* _ASSIGNMENT_
Pictures are to be left out; every line from the one that holds "Rural and Domestic" to the end of the data is to be retyped exactly.

PROVIDED DATA section start

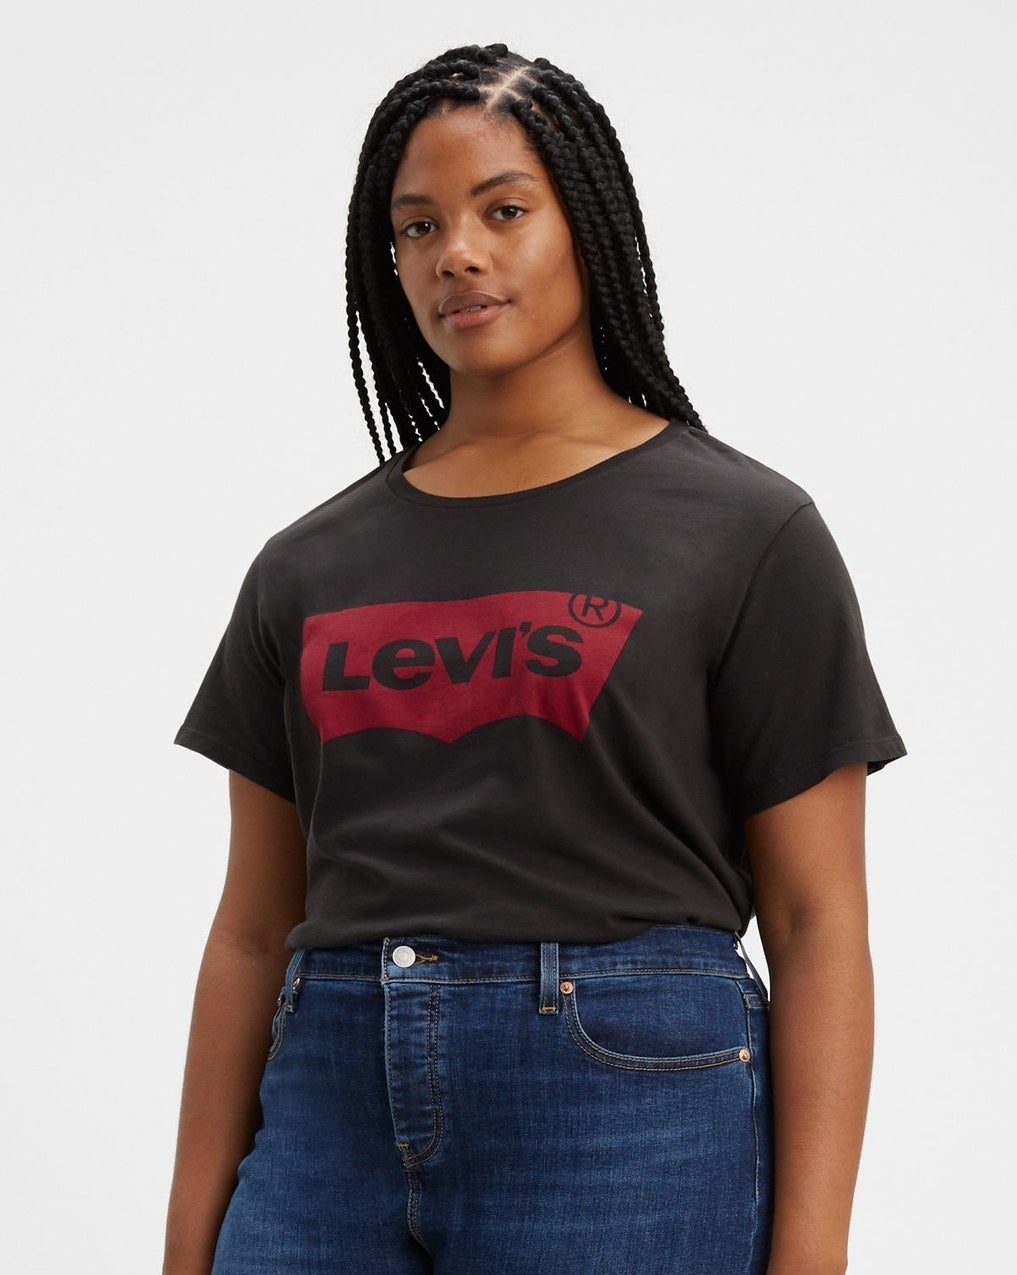 Stylish Bestselling Levi's Jeans And Clothing
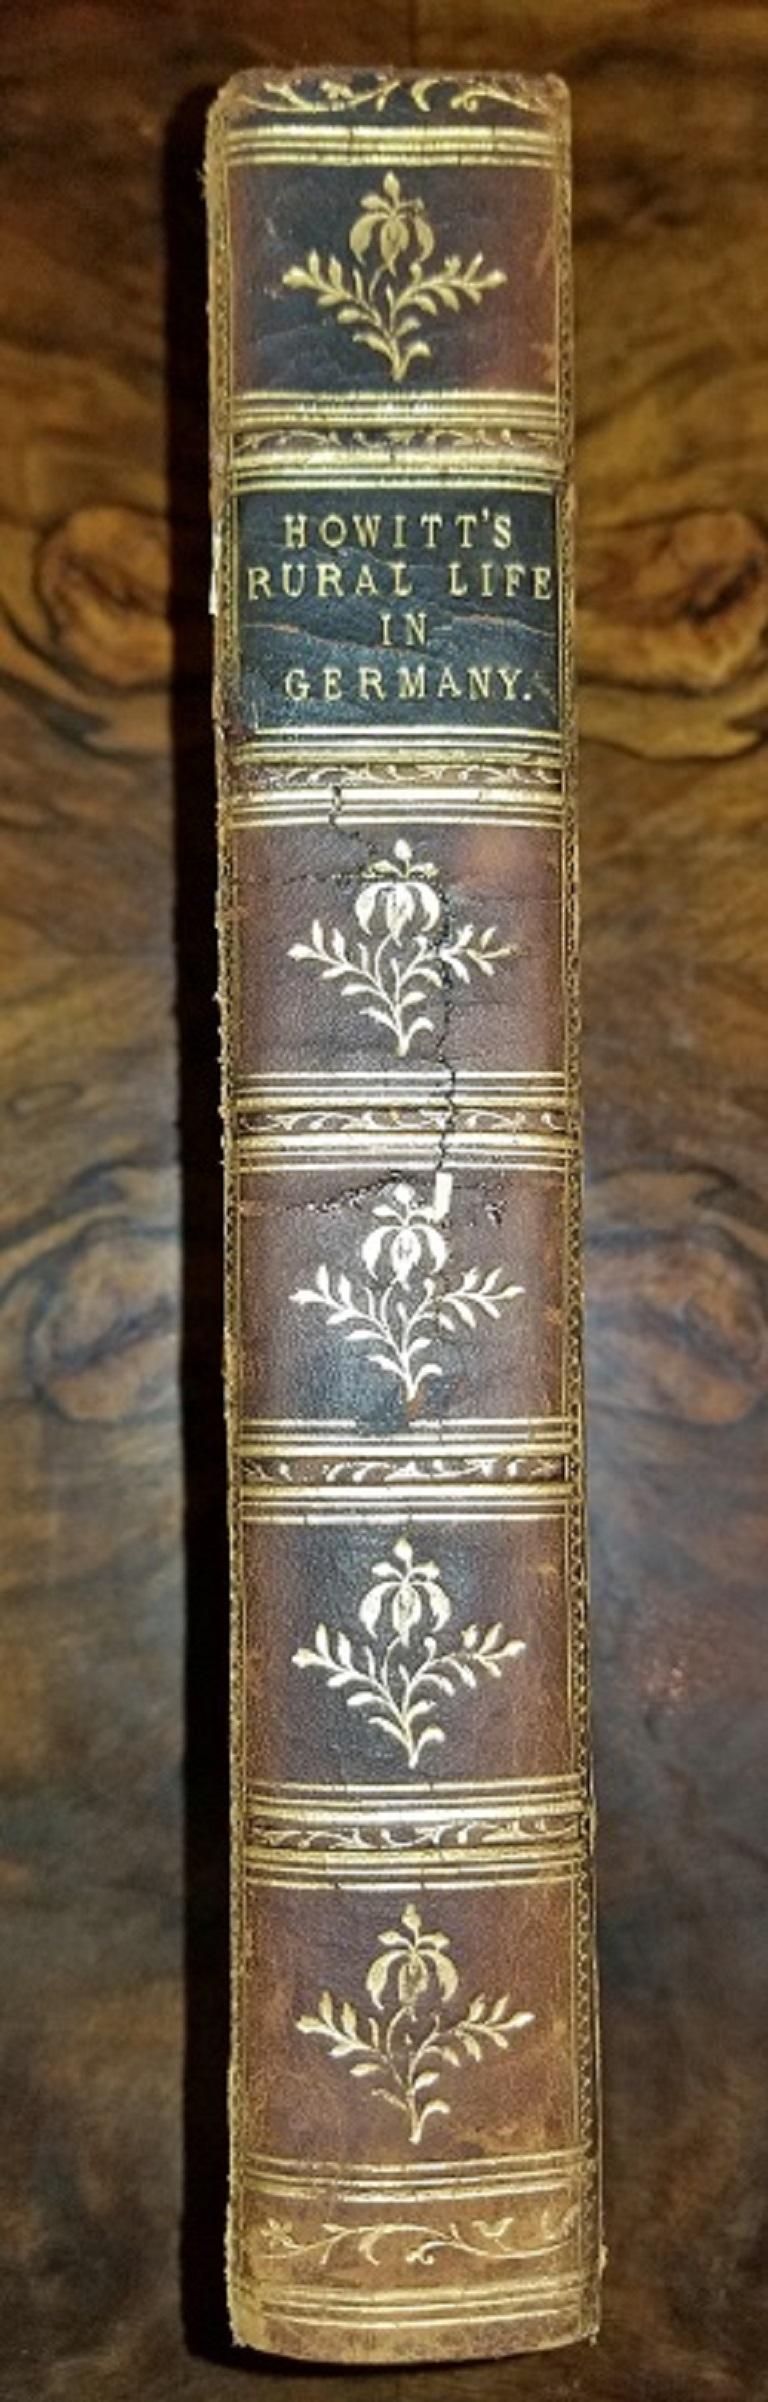 Rural and Domestic Life of Germany by Howitt, 1842 For Sale 2
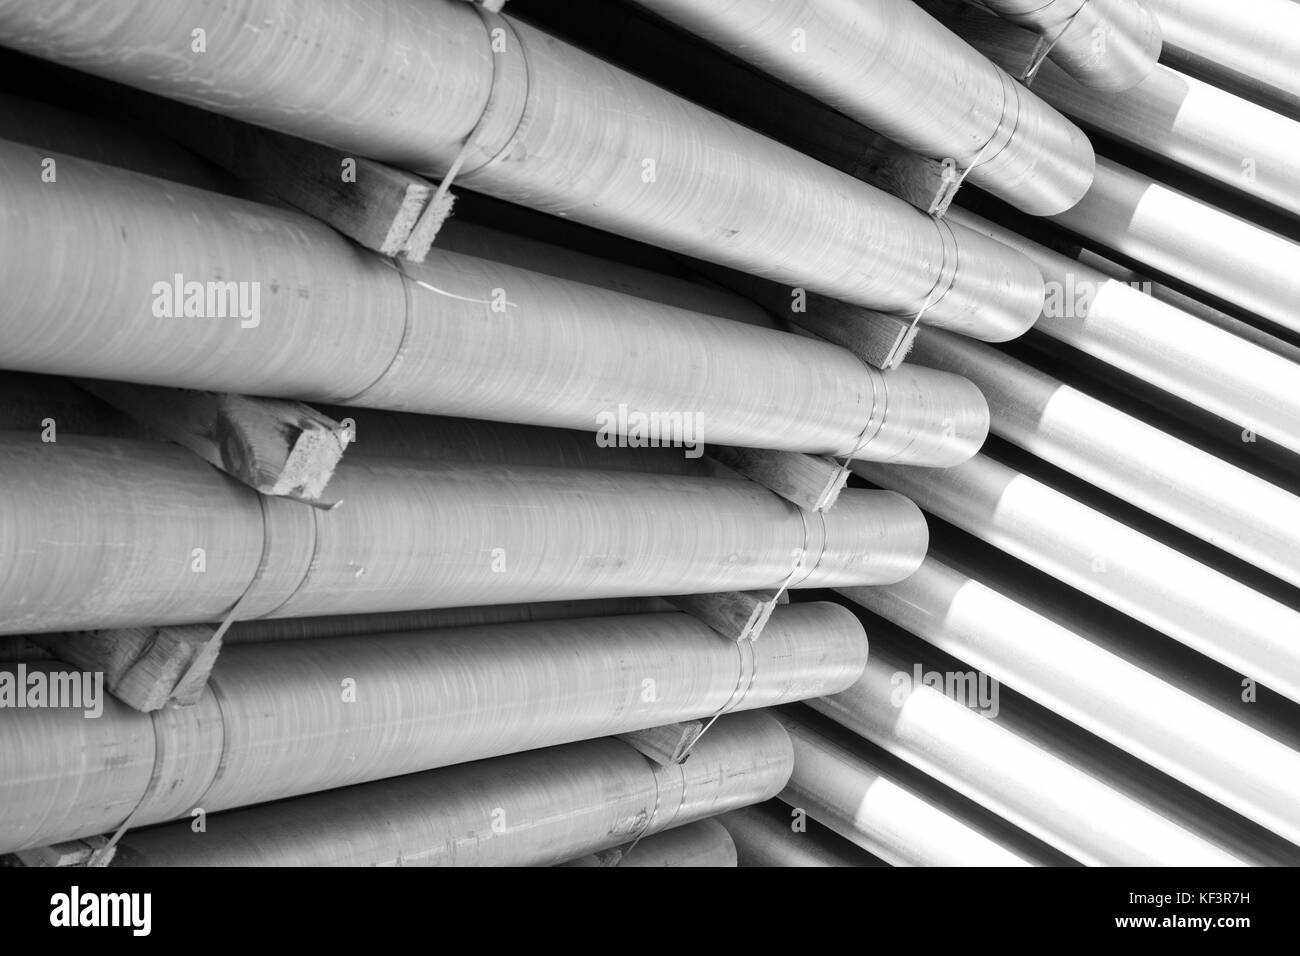 aluminum metal raw material in the form of long tubes Stock Photo

PROVIDED DATA section end

* _THE ANSWER_
 Rural and Domestic Life of Germany by Howitt, 1842 For Sale 2
 aluminum metal raw material in the form of long tubes Stock Photo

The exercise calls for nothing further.